First, I don't know what is meant by "universally implementable". The paper doesn't offer a definition of the term and its use within the paper doesn't present an intuitive meaning, at least not for me (note that "universally implementable" appears only in the title and in an assertion in section 2.1 in the discussion of #pragma once).

The Abstract covers what I mean. Essentially, the C++ specification

needs to be implementable in all the places where C++ is currently

used, and the specification of Importable Headers currently fails that

criteria. It is only implementable in a subset of environments where

C++ is used.
What subset of environments is it not implementable in? The paper doesn't actually say as far as I can tell. What is a concrete example?

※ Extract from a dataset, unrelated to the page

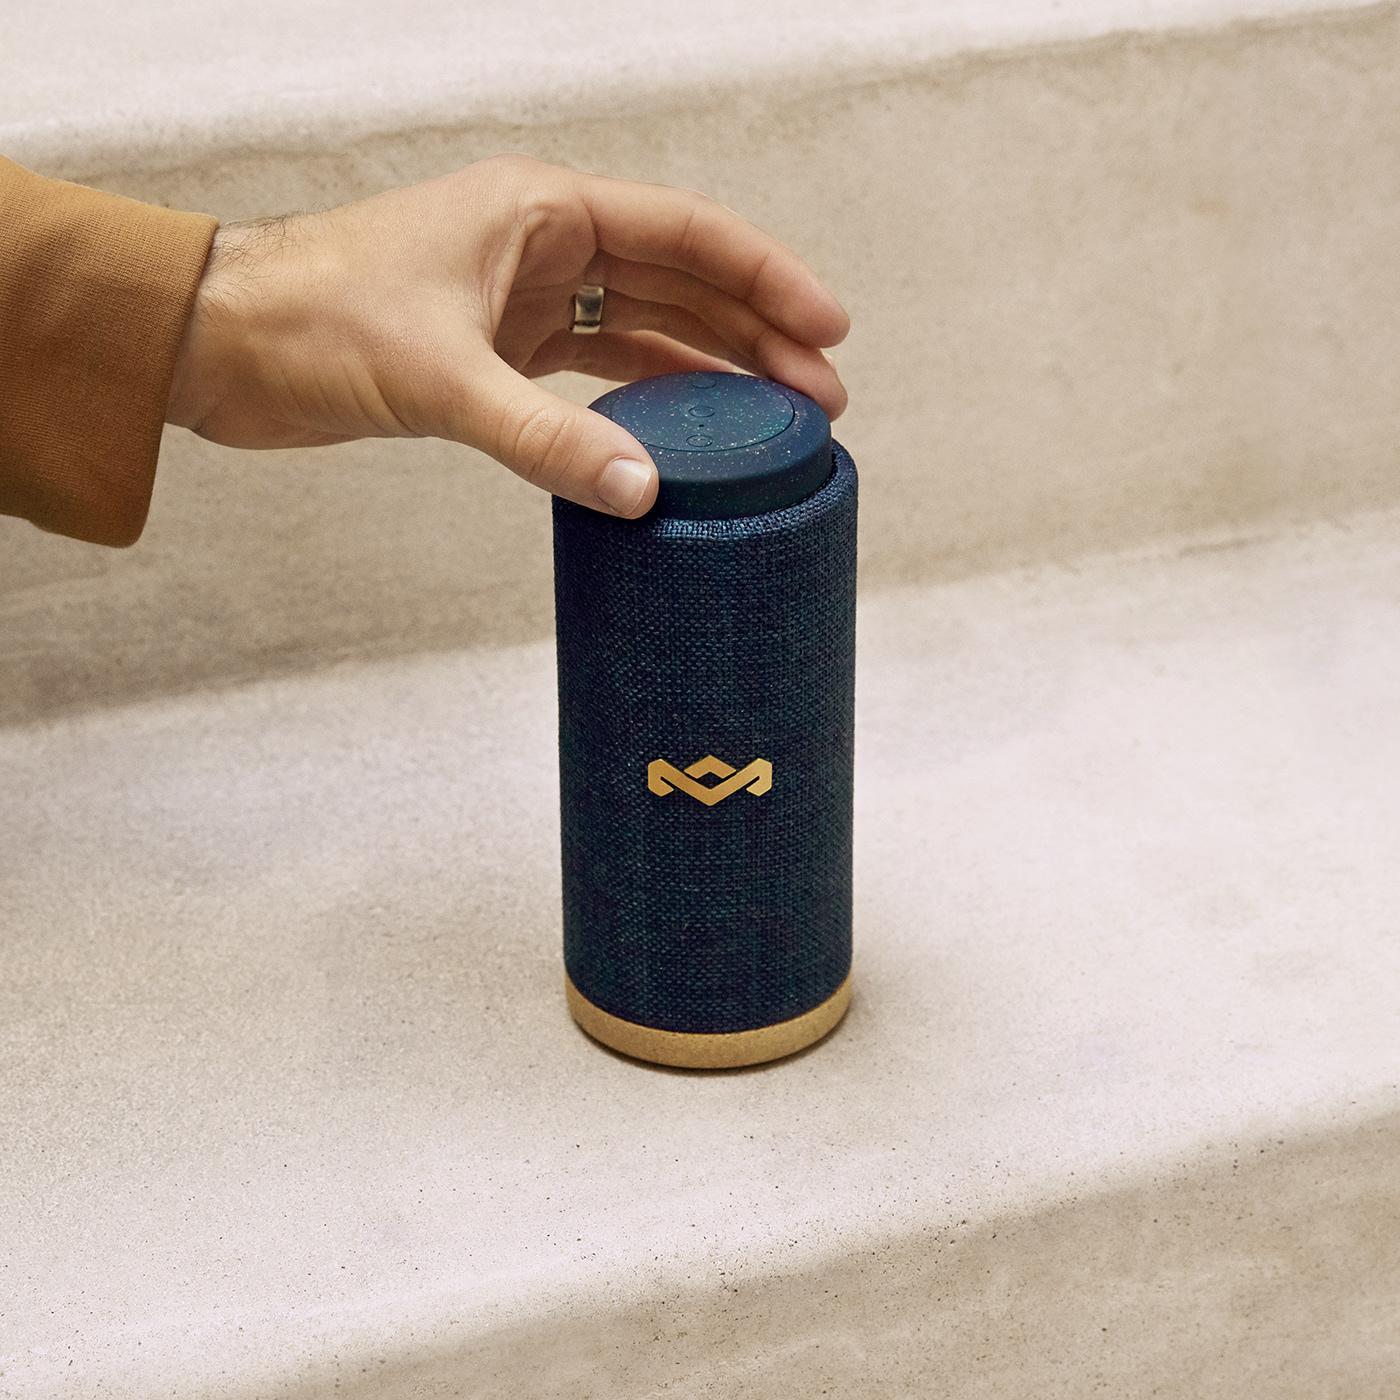 speaker industrial design  product design  Sustainable nobounds Engineering  minimal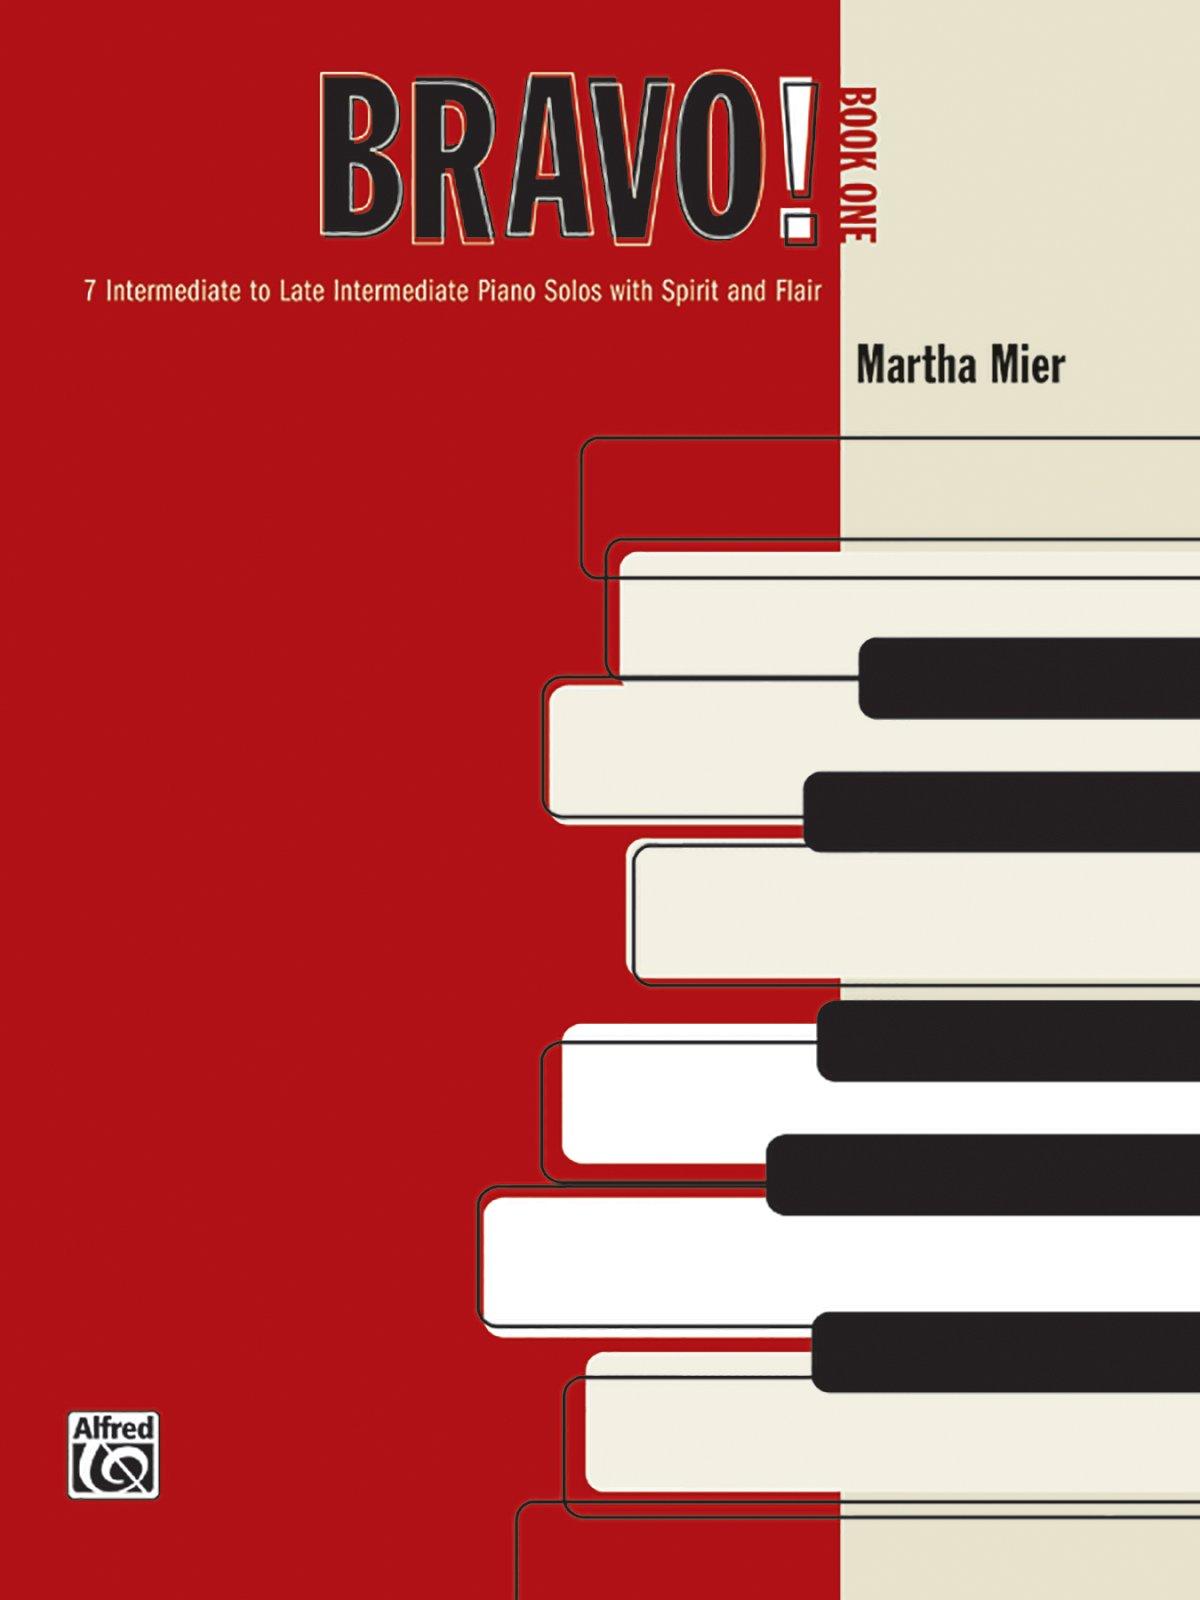 Bravo!, Bk 1: 7 Intermediate to Late Intermediate Piano Solos with Spirit and Flair PDF

If the concern is that dependency scanning for importable headers is dependent on which implementation the result of the dependency scanning will be used to construct a build system for, then I agree that dependency scanning does not produce an implementation independent result.

It's not about it being implementation-independent or not, it's about

the costs being prohibitive in a lot of environments where C++ is

used. Everything is technically possible, but every decision has

costs, some of which may be unaffordable to some use cases. IMHO, the

costs of Importable Headers are unaffordable for environments that use

open-ended build systems, such as systems that have dependencies

expressed entirely by producing binary artifacts that are used as

dependencies of other builds. This is the case at Bloomberg, but it's

also the case for systems like Conan, vcpkg, as well as most GNU/Linux

distributions.
The paper doesn't quantify costs in any way. The closest it comes is (correctly) noting that dependency scanning for header units requires computing imported macros in a bottom up way that is not required for named modules. But the paper doesn't quantify that cost. Is it a 5% hit? A 95% hit? Linear with respect to the number of header units? Other papers have offered quantification; see P1441 (Are modules fast?)<https://wg21.link/p1441> for example.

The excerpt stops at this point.